This whole episode taught me one great lesson – to never underestimate the power of nature’s forces. All my ambitions and ego came crumbling down, and I became even more submissive towards the sublime force. I could now look at myself in a mirror and laugh; laugh at the greed I had in packing as many places as possible into our three-week vacation, without considering our mortal capacities; laugh at the way I got carried away by the impressive and tempting itinerary that our tour guides presented according to my wishes; laugh at myself drinking garlic soup religiously thinking it would help me overcome the symptoms of AMS!
We decided to let go of all our plans, throw away the itinerary, and lose control of our lives. Here started the spiritual part of our journey that would change us as people, and would empower us to trivialize the urge to reach our destination. This change in us would just let us enjoy every moment of our existence in this beautiful place, and thank nature for letting us be amidst her most precious creations.
The headaches stayed with me for the next few days. But now the psychological effects were more pronounced. A deep sorrow, hallucinations of grasslands and home started haunting me often, along with a strong feeling of being homesick and a sense of indifference or aversion to most activities. By the time we reached Gorakshep, which is the older base camp (we had already crossed the 5000m mark with this), both of us could only manage to ingest a couple of spoonfuls of soup.
The views got more and more breathtaking, the landscape changing dramatically from a dull brown to an icy white. We saw the Khumbu Ice fall, a large glacier that runs all the way separating the base camp from the rest of the path to the summit. This Ice fall is one of the most difficult stages in the Mt. Everest expedition, with many people failing to cross it successfully.

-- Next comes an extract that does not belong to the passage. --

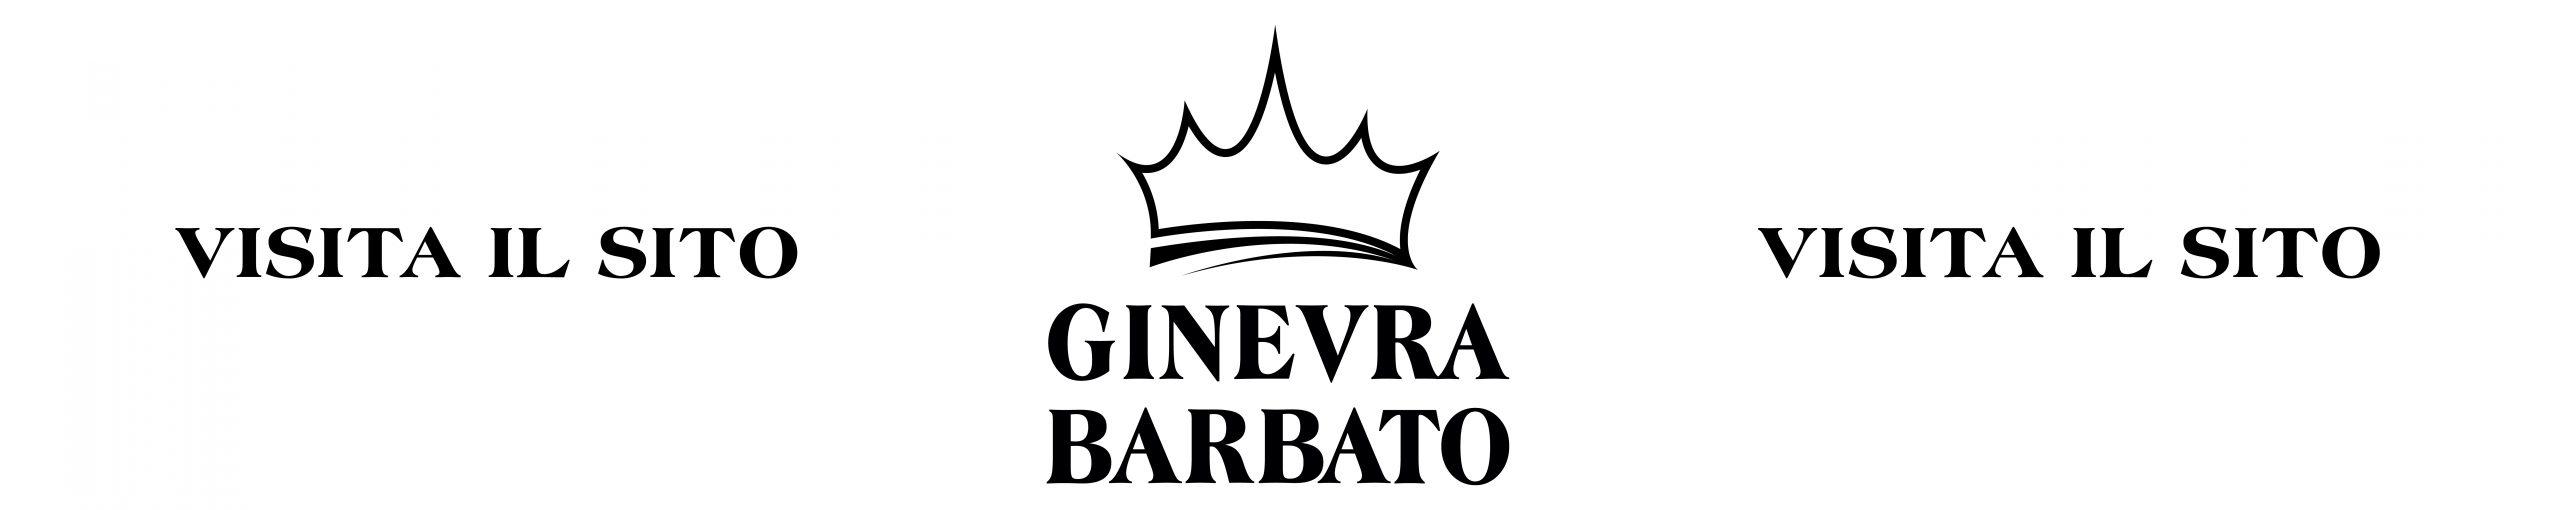 ginevra-barbato-calzature-scaled.jpg

It looked fascinating, from a distance, of course. But people who crossed would have seen the deep crevices up close, and would have a different view altogether. But our journey would end here at the base camp. For people who would go all the way to the summit, it would be but a small milestone in their much larger and more arduous expedition.
Ironically, the base camp, although would bring us close to Everest, it would also cut us away from the beautiful views of the peak that we had so eagerly sought. The peak gets completely covered by the strong and protective twins Nuptse and Lhotse. We knew that it is there somewhere beyond, but we could not see it! It was an awkward moment for our guide-porter duo (Lakhpa and Dorje) as well. They just threw their bags and sat down on a rock, not saying anything, just looking away.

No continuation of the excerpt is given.